*** Opening of Supplied data ***
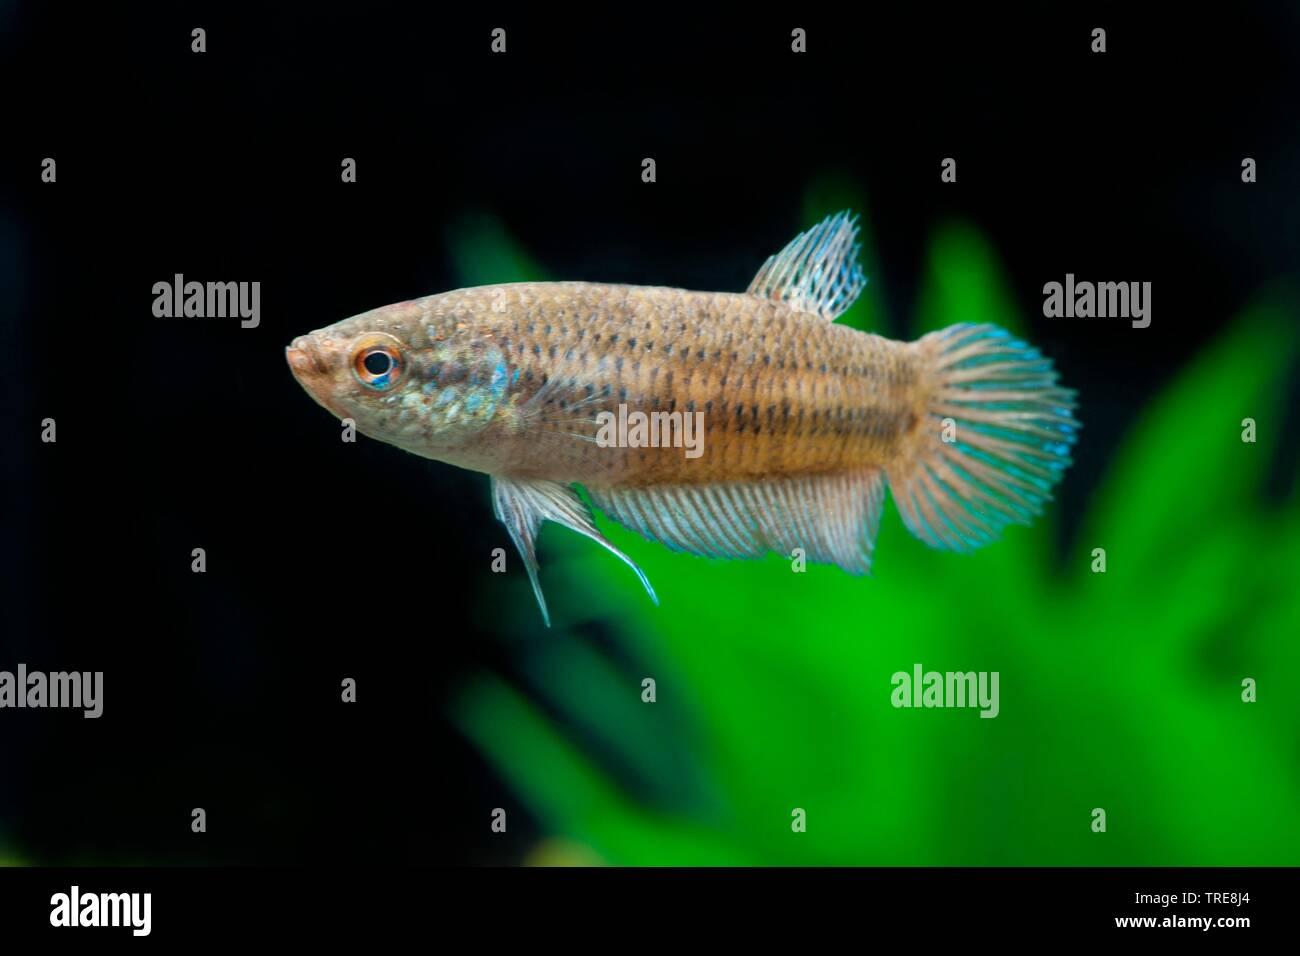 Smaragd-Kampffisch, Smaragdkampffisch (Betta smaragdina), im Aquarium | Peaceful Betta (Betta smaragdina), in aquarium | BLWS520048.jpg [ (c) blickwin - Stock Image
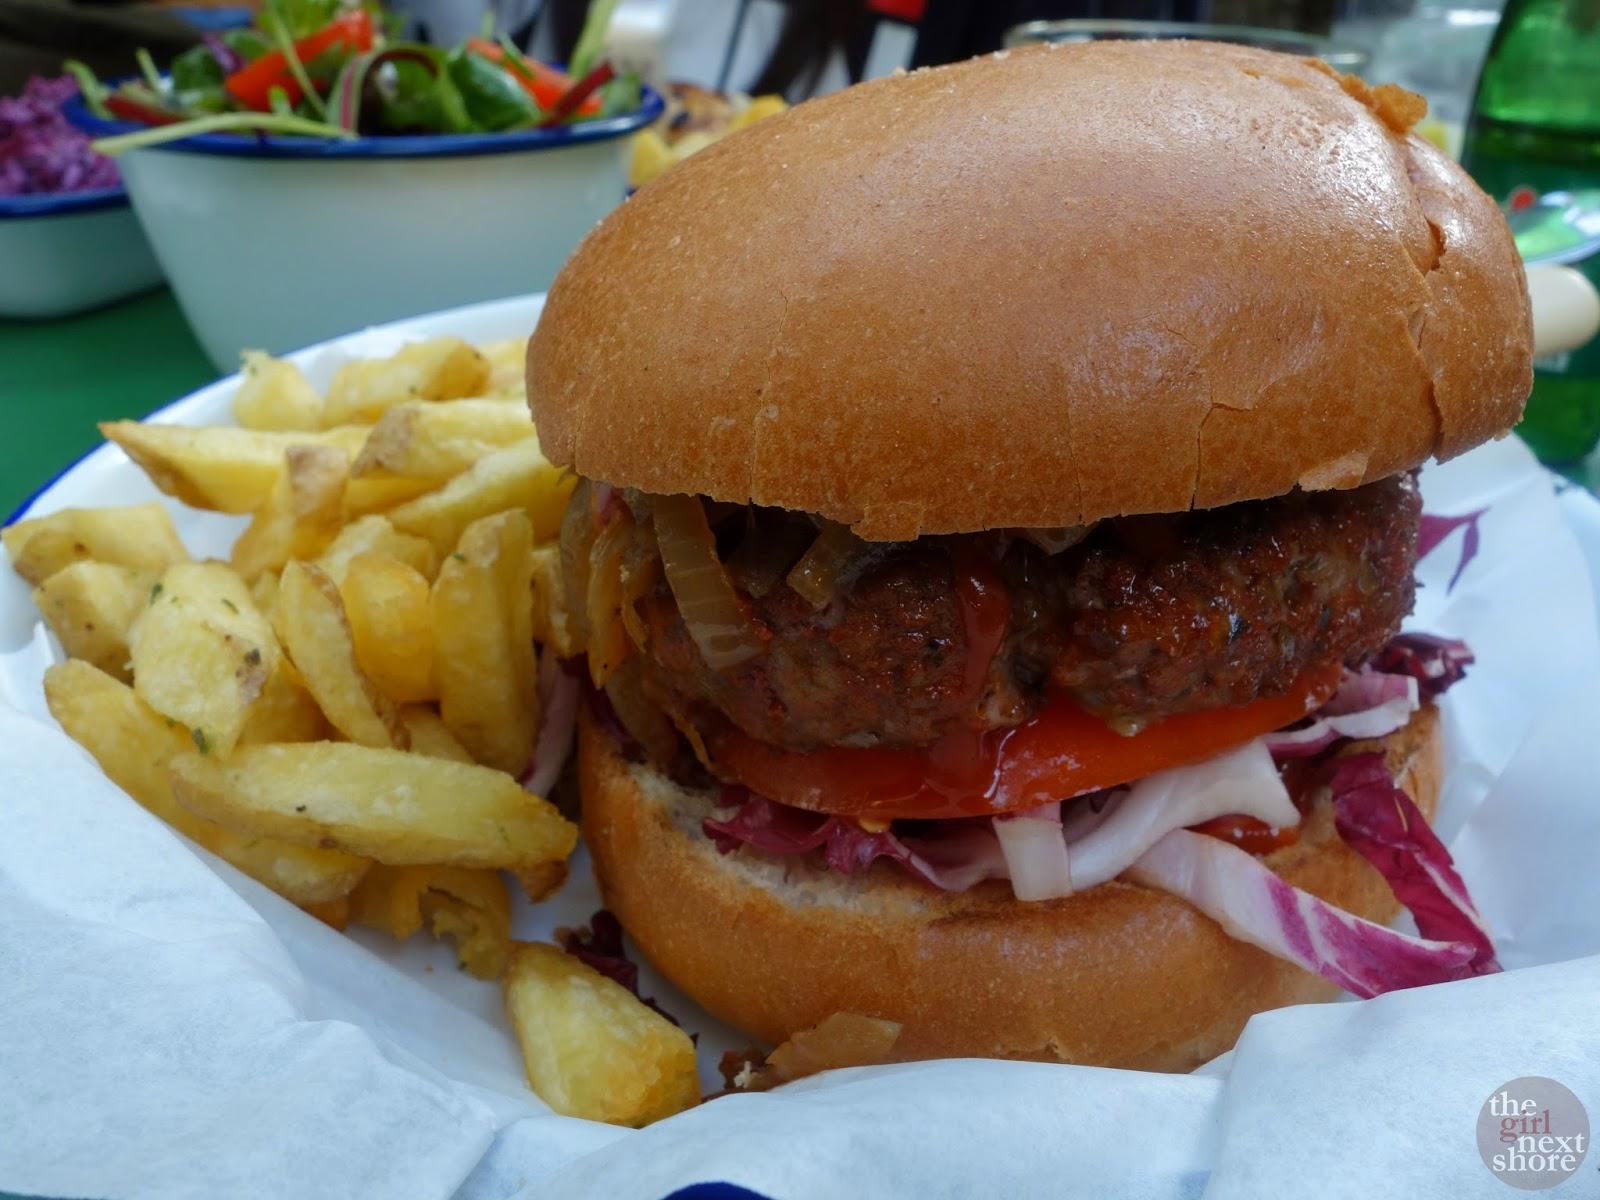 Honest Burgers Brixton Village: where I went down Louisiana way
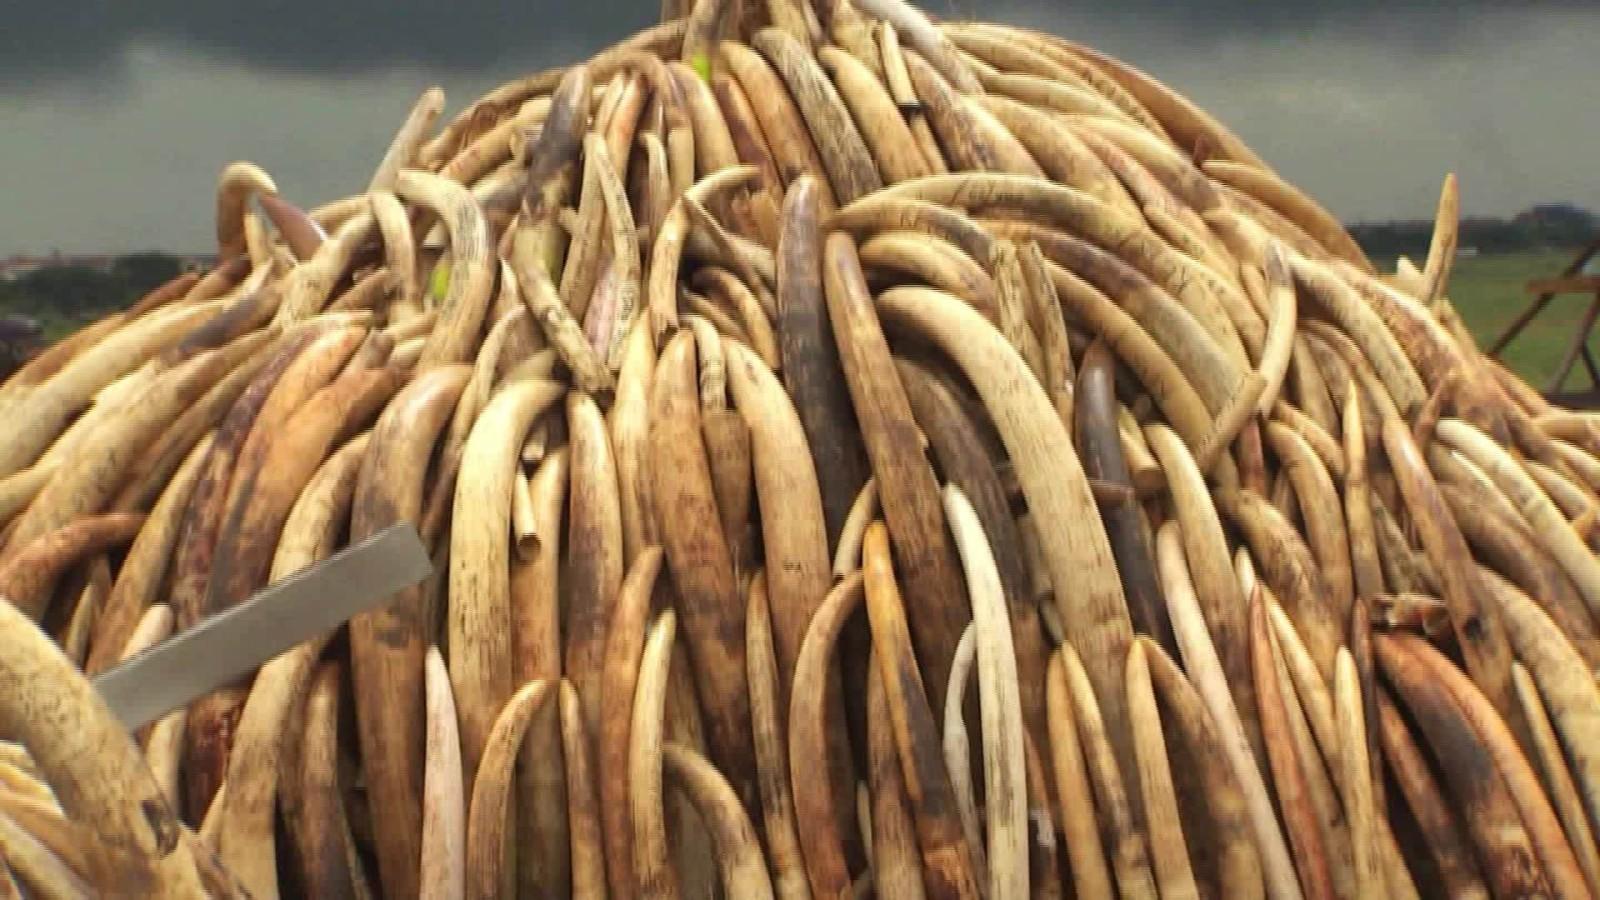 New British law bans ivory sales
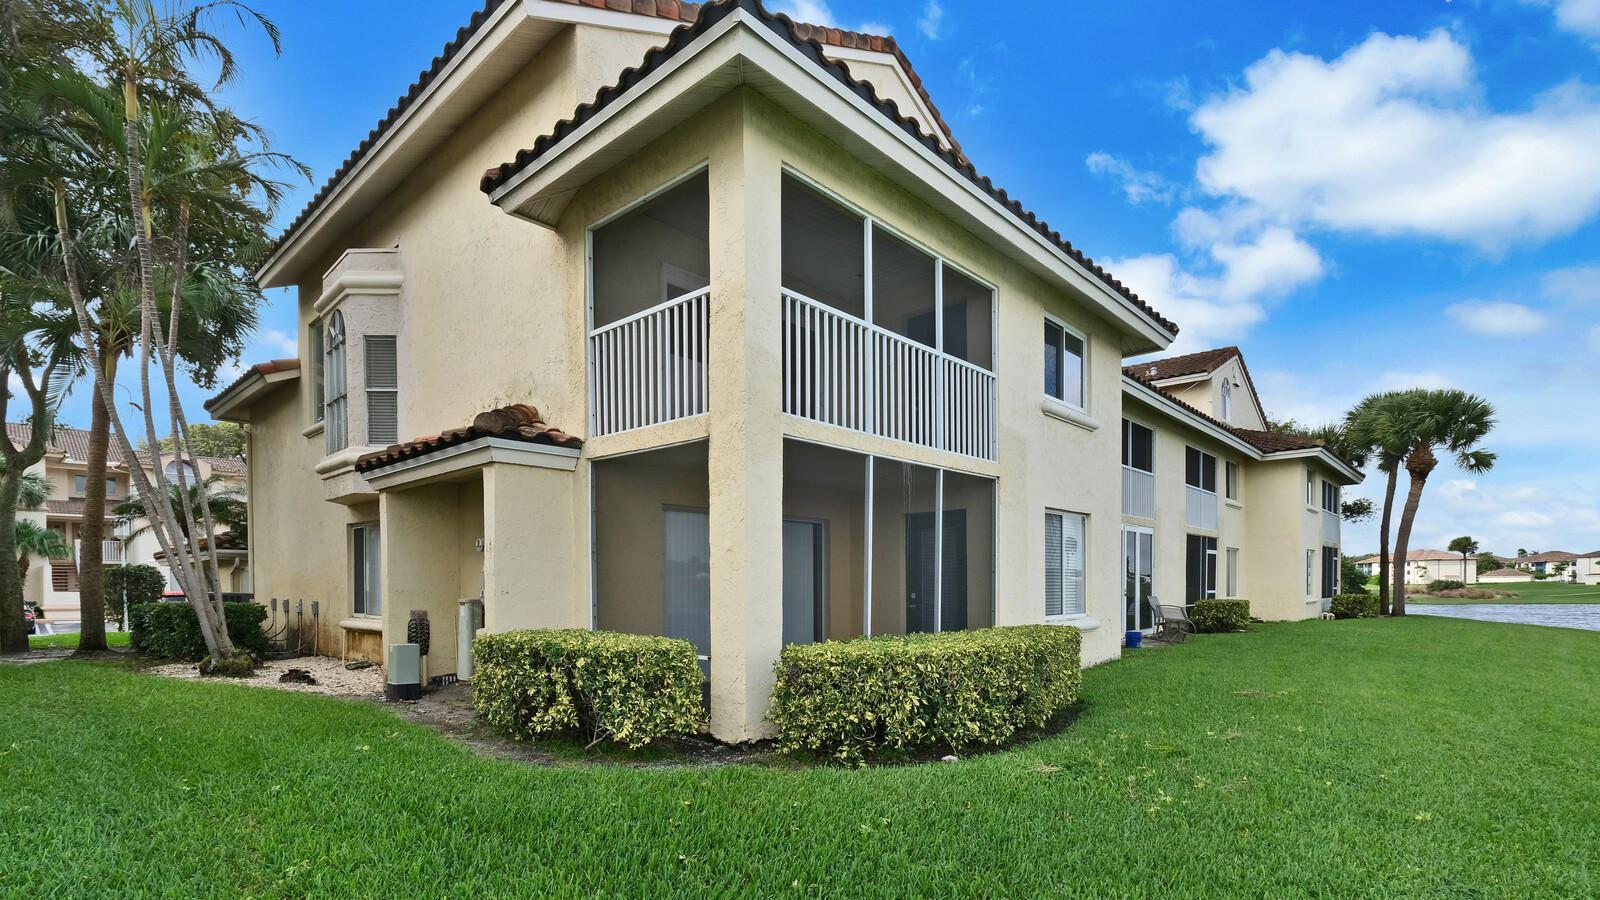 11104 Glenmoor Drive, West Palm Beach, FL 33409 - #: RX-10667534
*** Close of Supplied data ***
## [Action item]
Print the full listing exactly, dropping the pictures.

## [Answer space]
 Smaragd-Kampffisch, Smaragdkampffisch (Betta smaragdina), im Aquarium | Peaceful Betta (Betta smaragdina), in aquarium | BLWS520048.jpg [ (c) blickwin - Stock Image
 Honest Burgers Brixton Village: where I went down Louisiana way
 New British law bans ivory sales
 11104 Glenmoor Drive, West Palm Beach, FL 33409 - #: RX-10667534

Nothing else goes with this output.